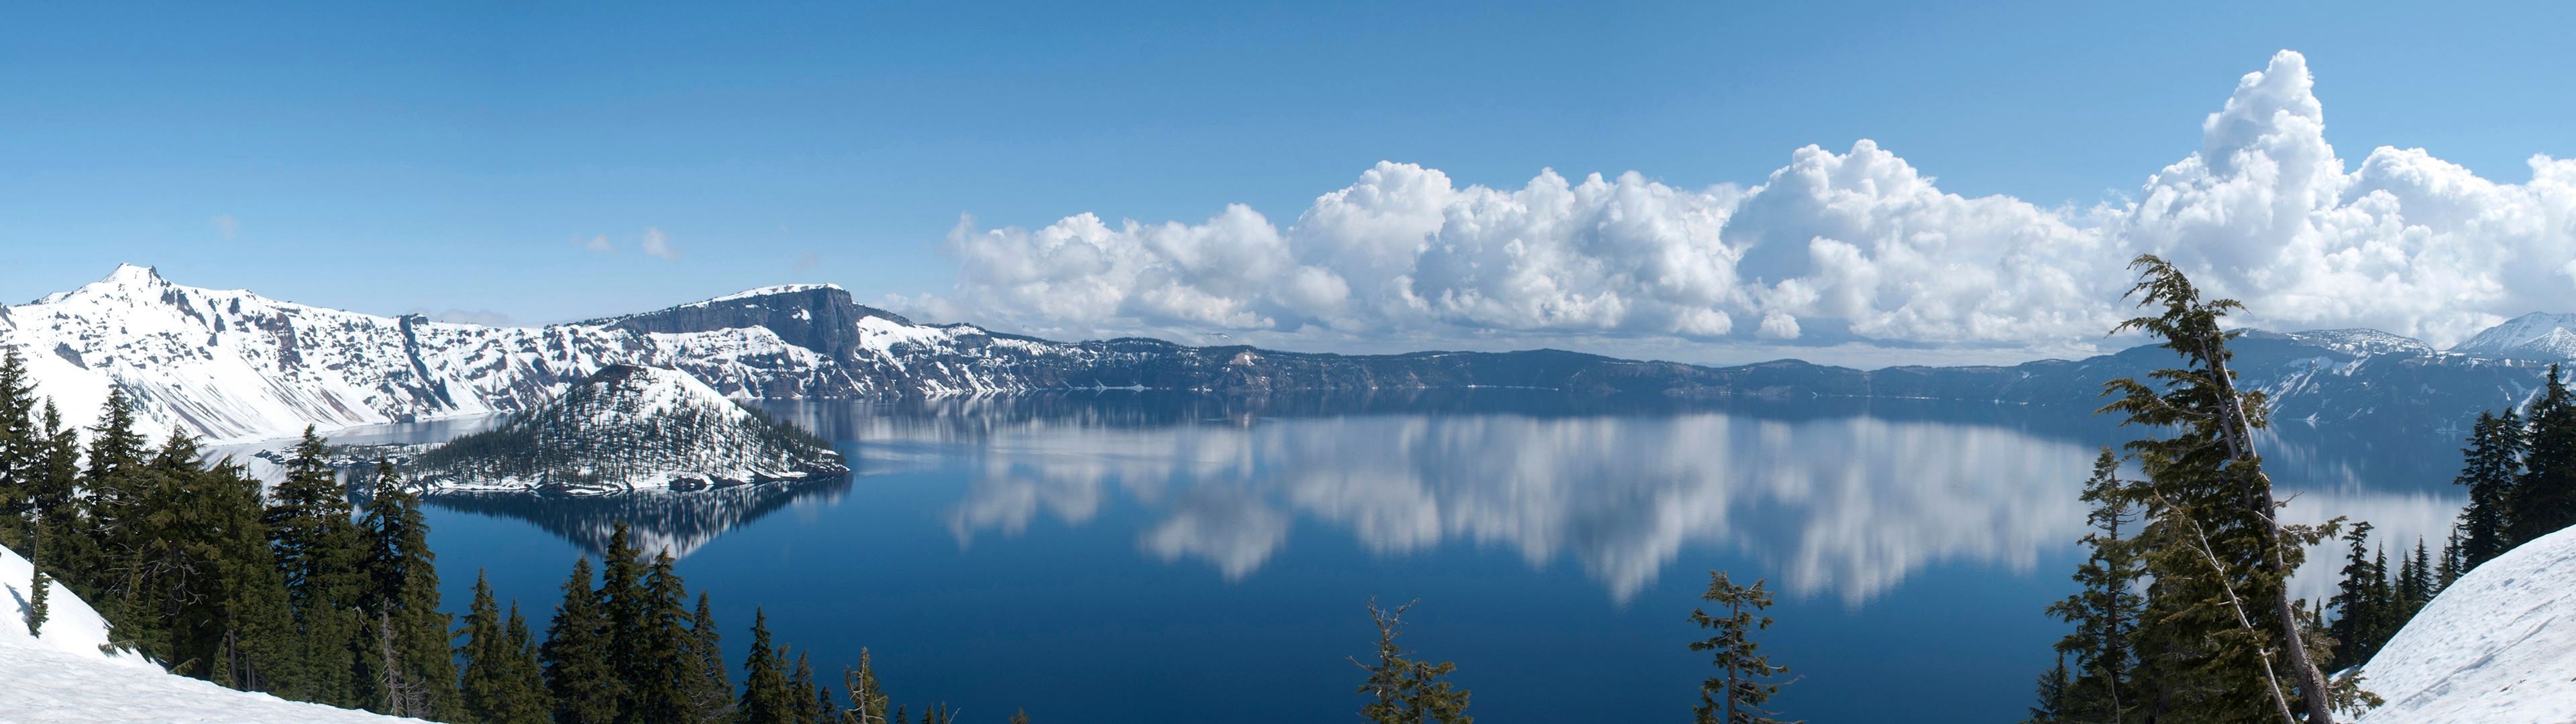 General 3840x1080 landscape lake crater lake clouds reflection multiple display snow dual monitors
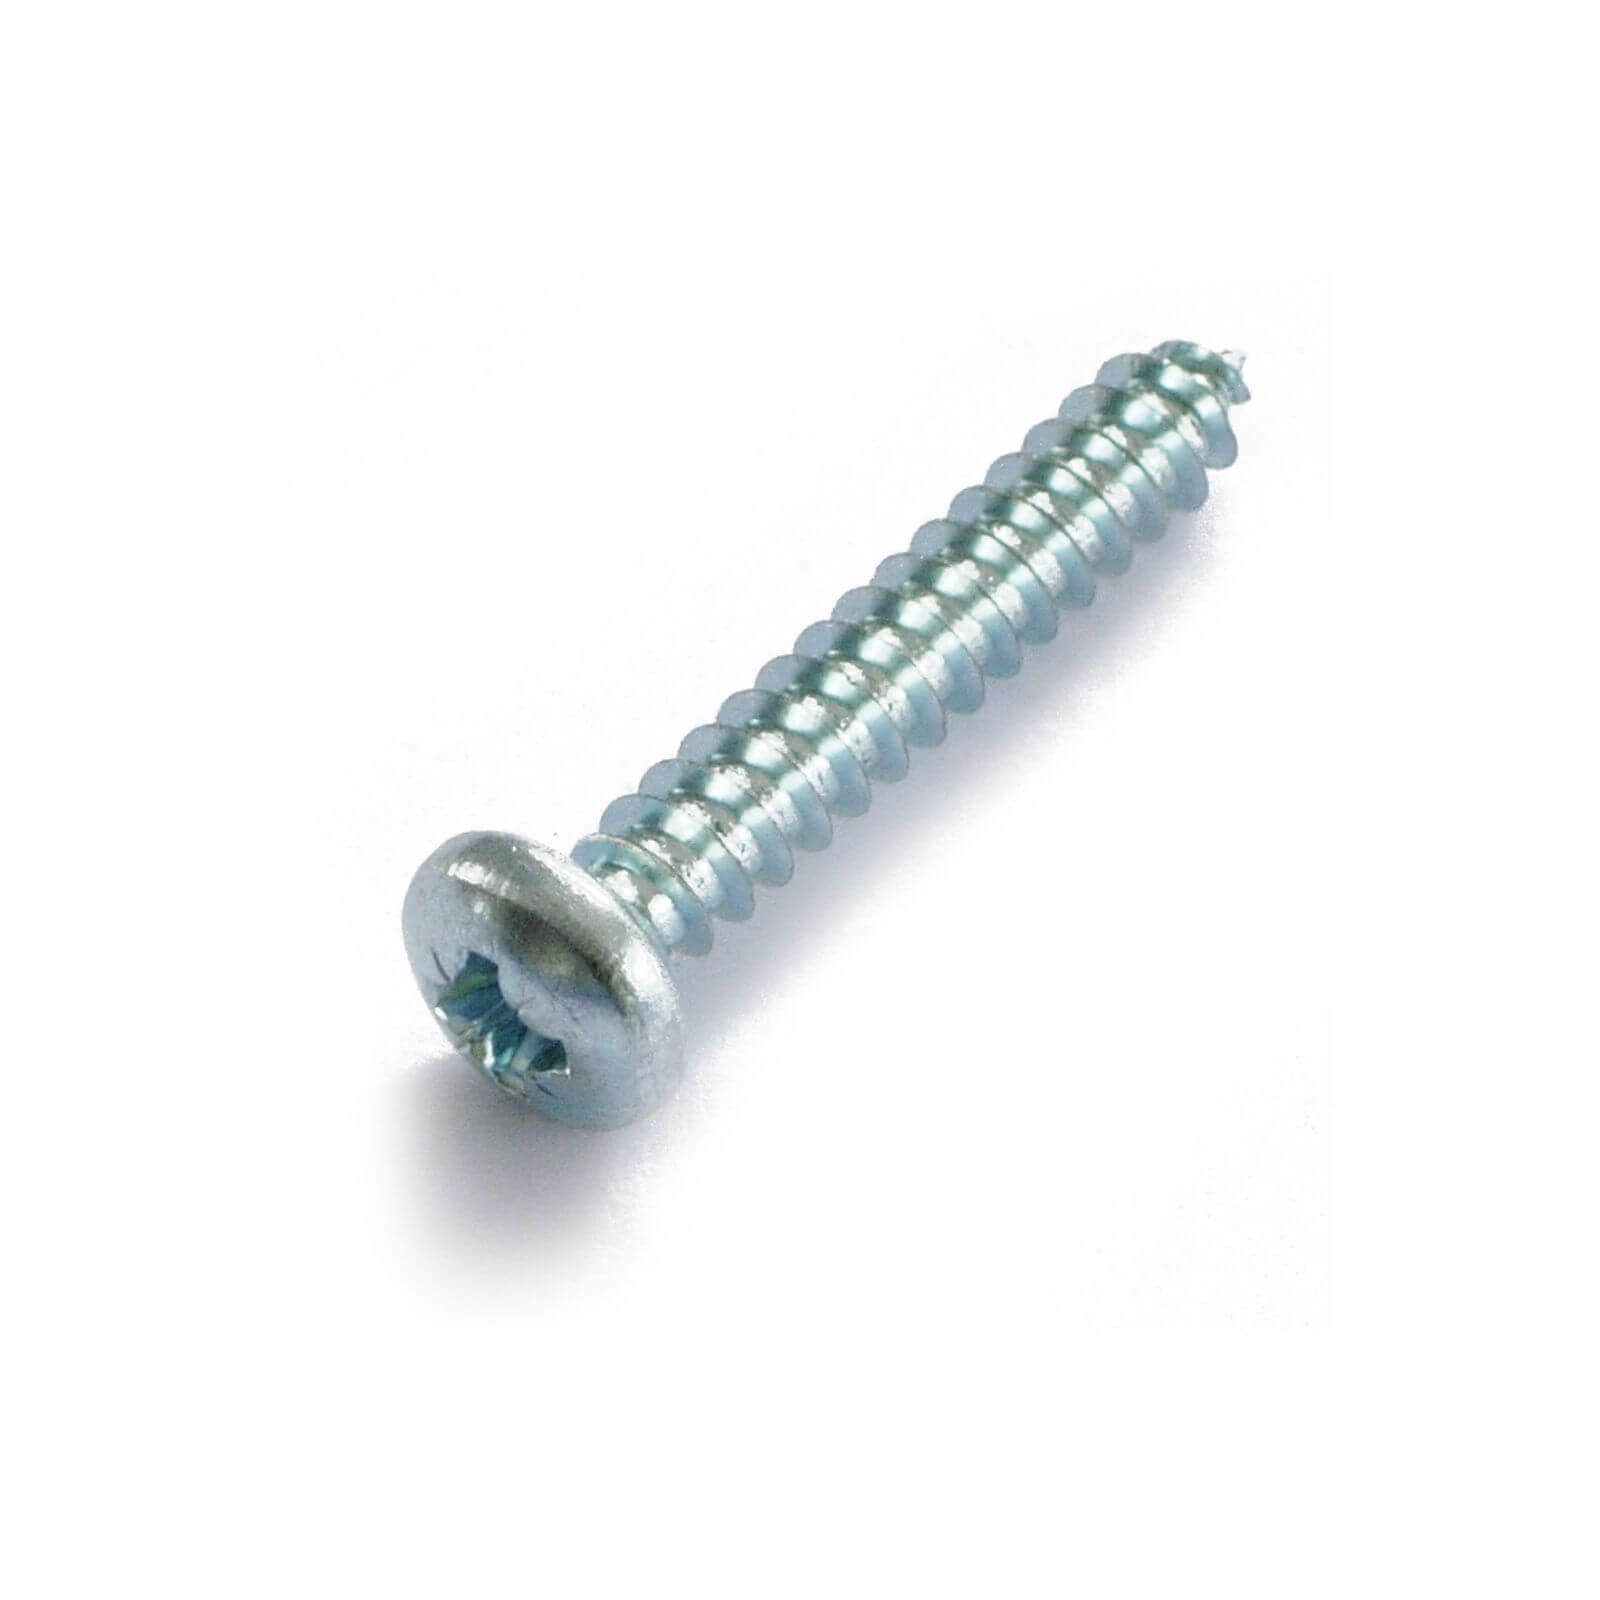 Self Tapping Screw - Bright Zinc Plated - 4 x 30mm - 10 Pack
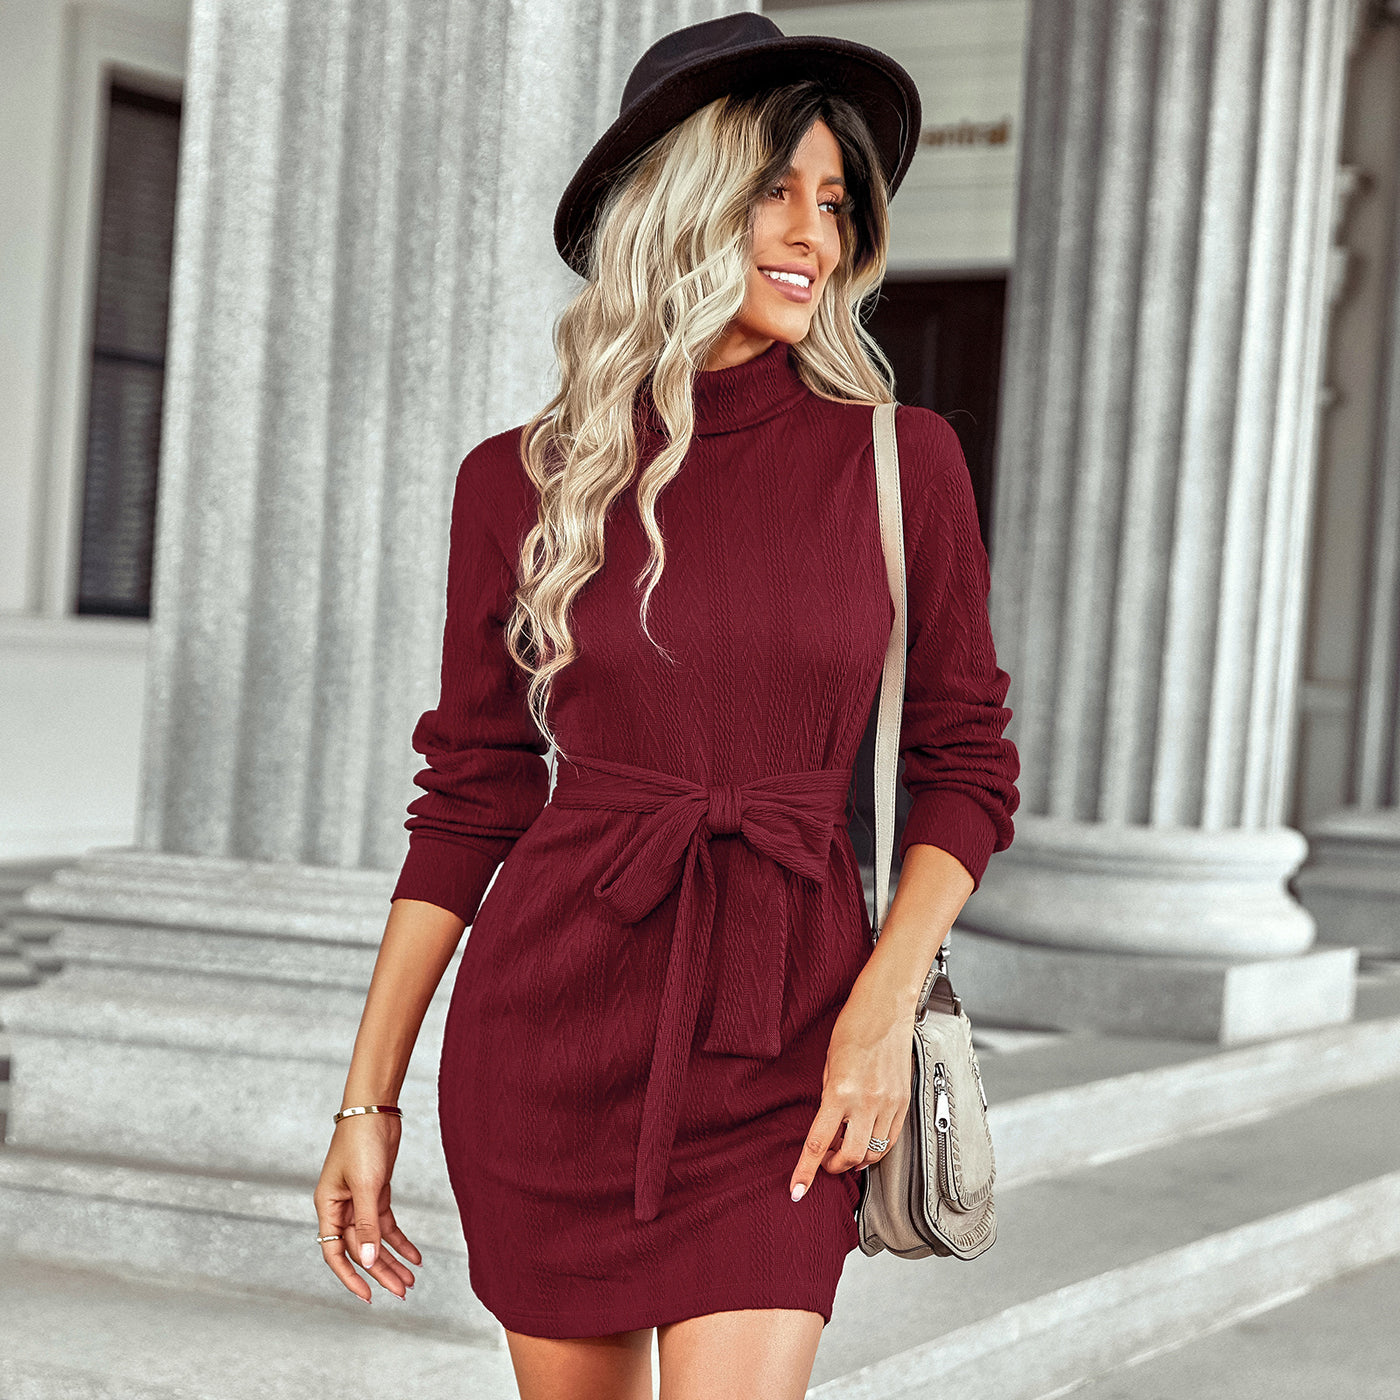 Autumn Winter Embroidered Dress Women Clothing Thermal Turtleneck Lace-up Sheath Dress
********
- [WORK REQUIRED] Your reply should hold only the lines running from the one with "Self Tapping Screw" to the end of the data above, set down exactly, pictures omitted.

- [EXERCISE RESULT]
 Self Tapping Screw - Bright Zinc Plated - 4 x 30mm - 10 Pack
 Autumn Winter Embroidered Dress Women Clothing Thermal Turtleneck Lace-up Sheath Dress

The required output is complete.